Difference-in-differences can help here if you have policy variation. For instance, if your institution ran a pilot program that approved a random subset of borderline applicants, you can estimate:

import pandas as pd
import numpy as np

# Assume df has columns: pilot (bool), approved (bool), defaulted (bool)
# pilot == True means the applicant was in the random approval pilot

pilot_approved = df[(df['pilot'] == True) & (df['approved'] == True)]['defaulted'].mean()
control_approved = df[(df['pilot'] == False) & (df['approved'] == True)]['defaulted'].mean()

# The naive comparison is biased — control group approved via selection model
# DiD removes the selection bias if pilot assignment was truly random

# More carefully:
pilot_group = df[df['pilot'] == True]['defaulted'].mean()
control_group = df[df['pilot'] == False]['defaulted'].mean()

# This is the actual causal effect of approval on default rate
did_estimate = pilot_group - control_group
print(f"Causal effect of approval on default rate: {did_estimate:.3f}")

This is only valid under the parallel trends assumption and proper randomization, but the point is that this kind of analysis tells you something a predictive model can't: what the policy does, not just what it predicts.
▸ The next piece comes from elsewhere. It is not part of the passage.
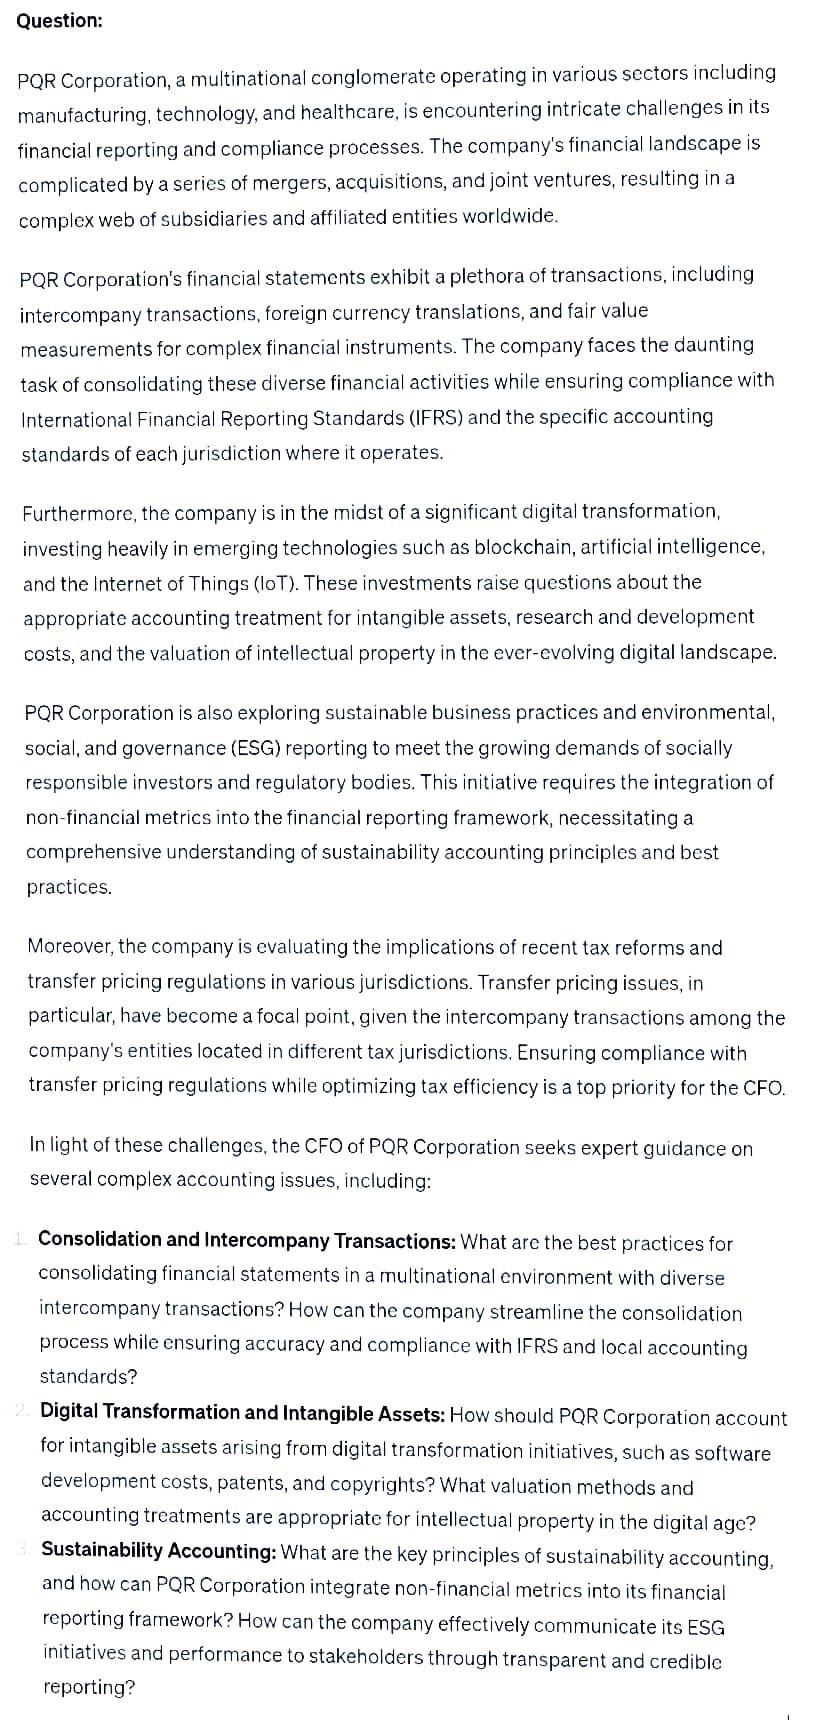 Question: PQR Corporation, a multinational conglomerate operating in various sectors including manufacturing,

Fairness is a causal question

I want to say this plainly because I see it get glossed over: fairness in credit models is not a matter of removing demographic variables from your feature set.

If the causal structure includes a path from race or gender to default that runs through structural inequity (lower access to credit history, discrimination in employment, etc.), then your model is going to pick up that relationship through proxies — zip code, credit utilization patterns, employment tenure — regardless of whether you included race explicitly.

Equalized odds and demographic parity are useful measures, but they're metrics on your model's output, not fixes for the underlying structural problem. You can satisfy equalized odds and still be making decisions that replicate the effects of discrimination via features correlated with protected attributes.

What actually helps:

Drawing out the causal graph for your features and understanding which paths you want to block
Orthogonalization: regressing out protected attribute variation from proxy features before training (double ML approach)
Testing calibration across groups, not just aggregate calibration

from sklearn.calibration import calibration_curve
import matplotlib.pyplot as plt

groups = df['protected_group'].unique()
fig, ax = plt.subplots()

for group in groups:
    subset = df[df['protected_group'] == group]
    fraction_pos, mean_pred = calibration_curve(
        subset['defaulted'], 
        subset['predicted_prob'], 
        n_bins=10
    )
    ax.plot(mean_pred, fraction_pos, label=f'Group: {group}')

ax.plot([0, 1], [0, 1], 'k--', label='Perfect calibration')
ax.legend()
ax.set_xlabel('Mean predicted probability')
ax.set_ylabel('Fraction positive')
ax.set_title('Calibration by group')
plt.tight_layout()
plt.show()

A model that's miscalibrated for one group — even if aggregate calibration looks fine — is making systematically wrong decisions for that group.

What I'd actually recommend

This is not "you must learn do-calculus before you're allowed to build models." That's not realistic or helpful. But a few concrete things make a material difference:

Sketch the causal graph for your most important features. Even informally. Ask: is this a cause, a proxy, or a consequence of the thing I'm trying to predict?
Check whether your training data is censored and in which direction. If prior decisions affect who appears in your training set, your model is not learning from a representative sample.
Separate your prediction task from your policy decision. The model gives you a probability. The policy is what you do with it. Causal thinking belongs in the policy layer.
Calibrate across subgroups, always. Aggregate calibration is necessary but not sufficient.

Prediction is a tool. It's a useful one. But in high-stakes decisions — credit, healthcare, hiring — prediction without causal reasoning is how you build systems that perform well on metrics and cause harm in the world.

Enfin. That's the argument I make internally at least twice a month, so I figured I'd write it down properly.